Sugar production started slowly in Hawai`i. The first sugar mill was created by an unidentified Chinese man in 1802 on Lanai who returned to China in 1803 .[1] The first sugar plantation in Hawai`i was established in 1835 and in 1836, the first 8,000 lbs of sugar and molasses was shipped to the United States. [1]

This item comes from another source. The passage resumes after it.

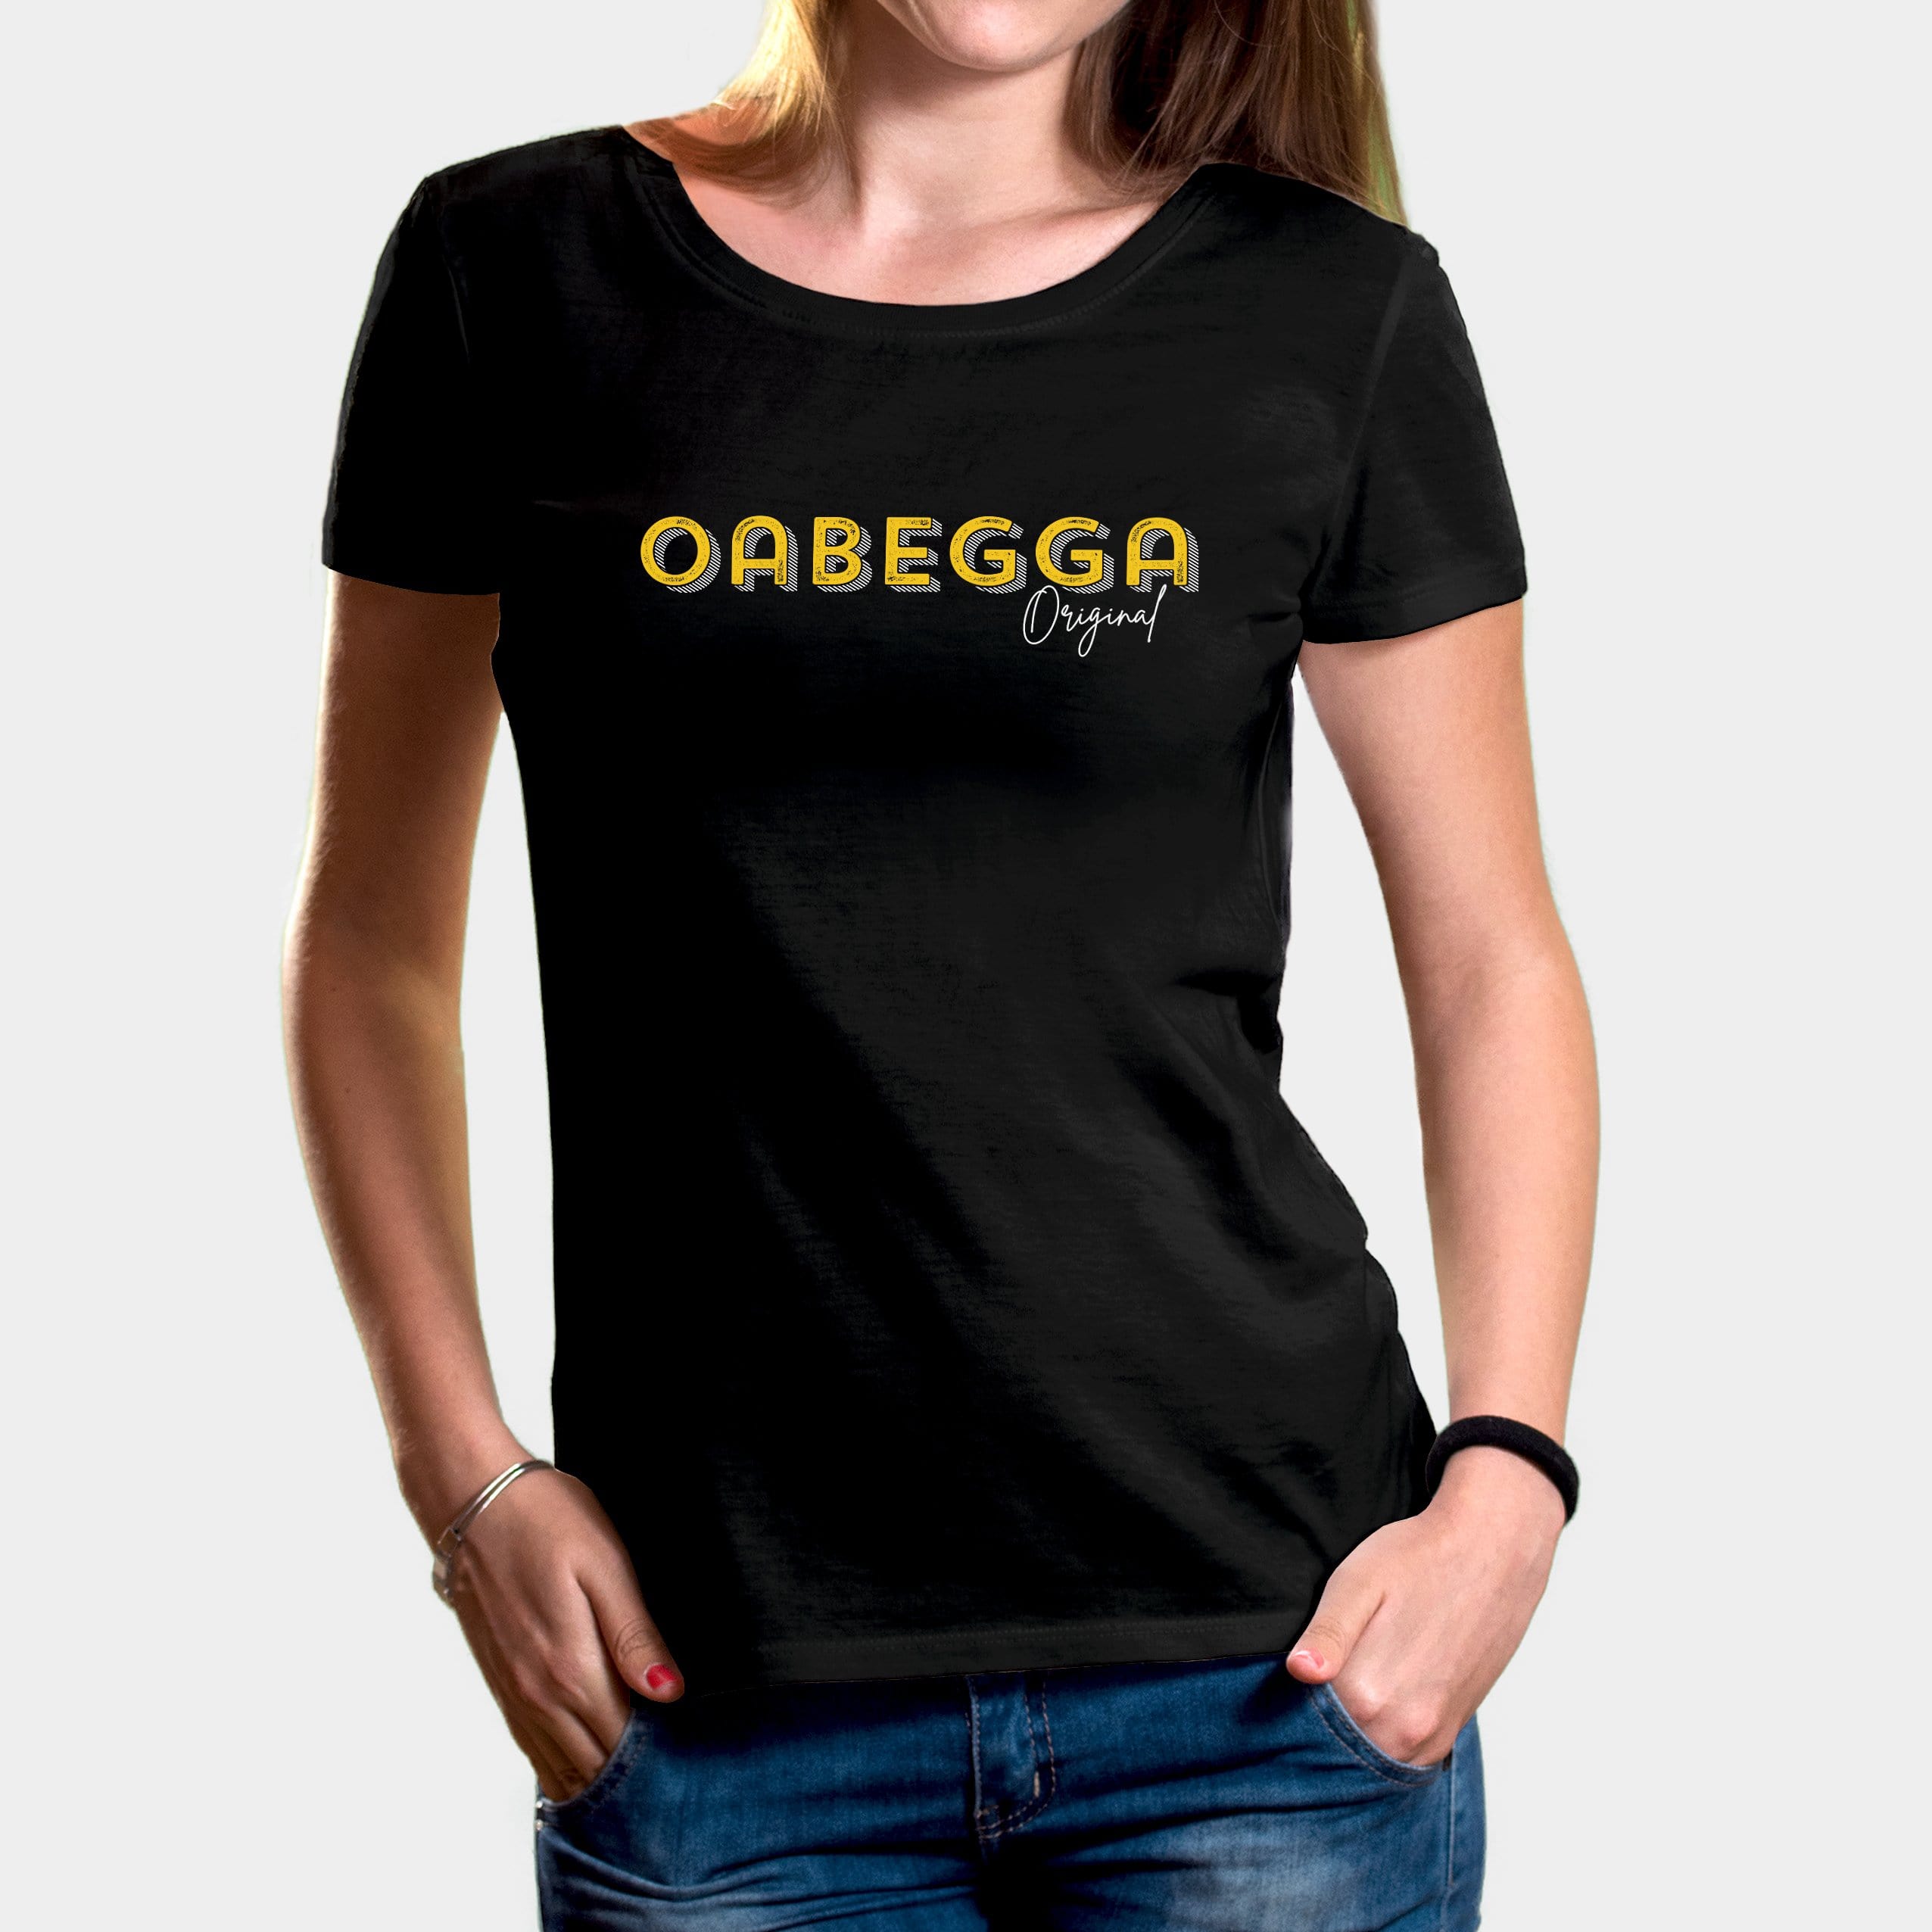 Projekt Damen-T-Shirt "Oabegga Original" XS / schwarz - aus nachhaltiger und fairer Produktion
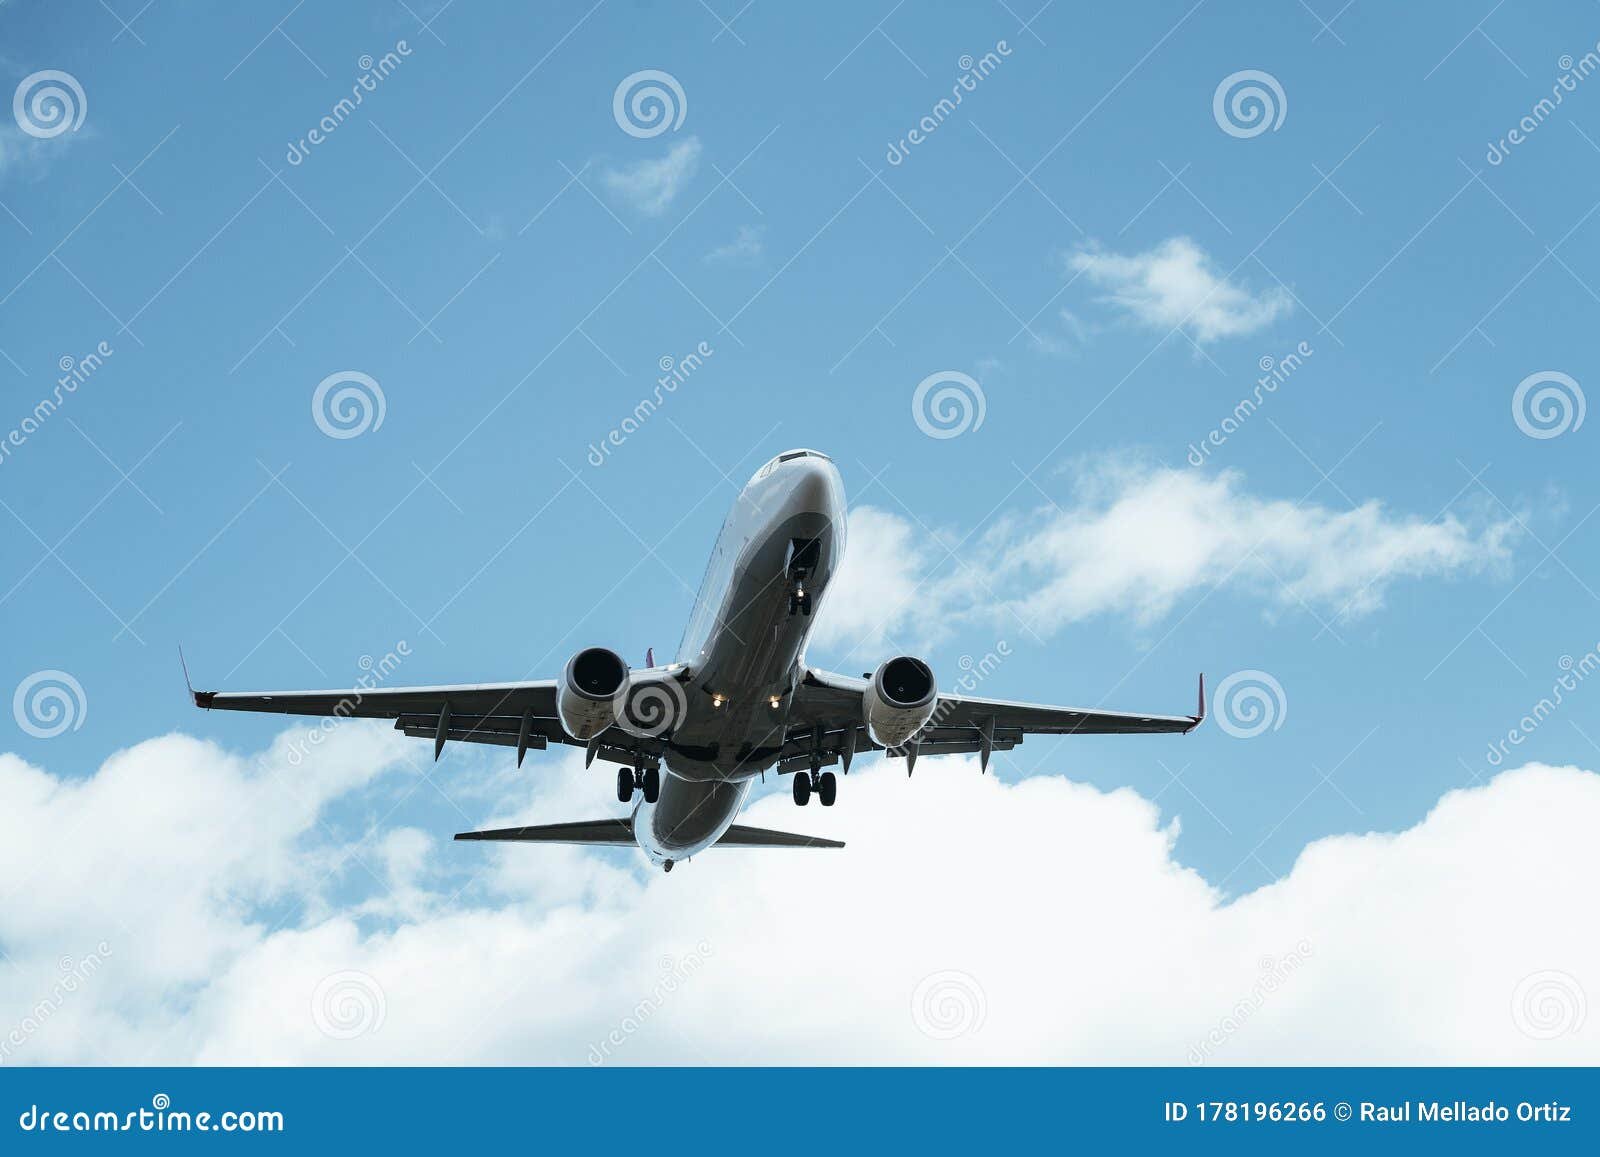 avion despegando con cielo despejado

By the 1840s, sugar plantations began to gain a foothold in Hawaiian agriculture. Steamships provided rapid and reliable transportation to the islands, and at the same time, demand increased during the California Gold Rush.[3] The land division law of 1848 (known as The Great Mahele) displaced Hawaiian people from their land, forming the basis for the sugar plantation economy.[4] In 1850, the law was amended to allow foreign residents to buy and lease land.[3] Market demand increased even further during the onset of the American Civil War which prevented Southern sugar harvests from being shipped northward.[5] The price of sugar rose 525% from 4 cents in 1861 to 25 cents in 1864.[3] The Reciprocity Treaty of 1875 allowed Hawai`i to sell sugar to the United States without paying duties or taxes, greatly increasing the plantation profits.[6] This treaty also increased the plantation profits, guaranteeing that all resources including land, water, human labor power, capital, and technology would be thrown behind sugarcane cultivation.[7][4] The 1890 McKinley Tariff Act, an effort by the United States government to decrease the competitive pricing of Hawaiian sugar, paid 2 cents per pound to mainland producers. After significant lobbying efforts, this act was repealed in 1894.[5] By 1890, 75% of all privately held land was owned by foreign businessmen.[6]

[edit] Sugar and the Big Five

The industry was tightly controlled by five former missionary families known in Hawai`i as “The Big Five”.[2] The Big Five eventually owned and gained control over every aspect of the Hawaiian economy including banking, warehousing, shipping, and importing.[4] This control of commodity distribution kept Hawaiians burdened under high prices and toiling under a diminished quality of life.[4] These businessmen had perfected the double-edged sword of a wage-earning labor force dependent upon plantation goods and services.[6] Close ties as missionaries to the Hawaiian monarchy along with capital investments, cheap land, cheap labor, and increased global trade allowed them to prosper.[4] Later the missionaries-turned businessmen were critical in the overthrow of the Hawaiian monarchy and in 1898, Hawai`i was annexed as a territory of the United States, primarily due to the lobbying of these interest groups.

[edit] Importing labor

Hawai`i Demographics, 1959.
Hawai`i Demographics, 1959.
Hawai`i Demographics, 2005.
Hawai`i Demographics, 2005.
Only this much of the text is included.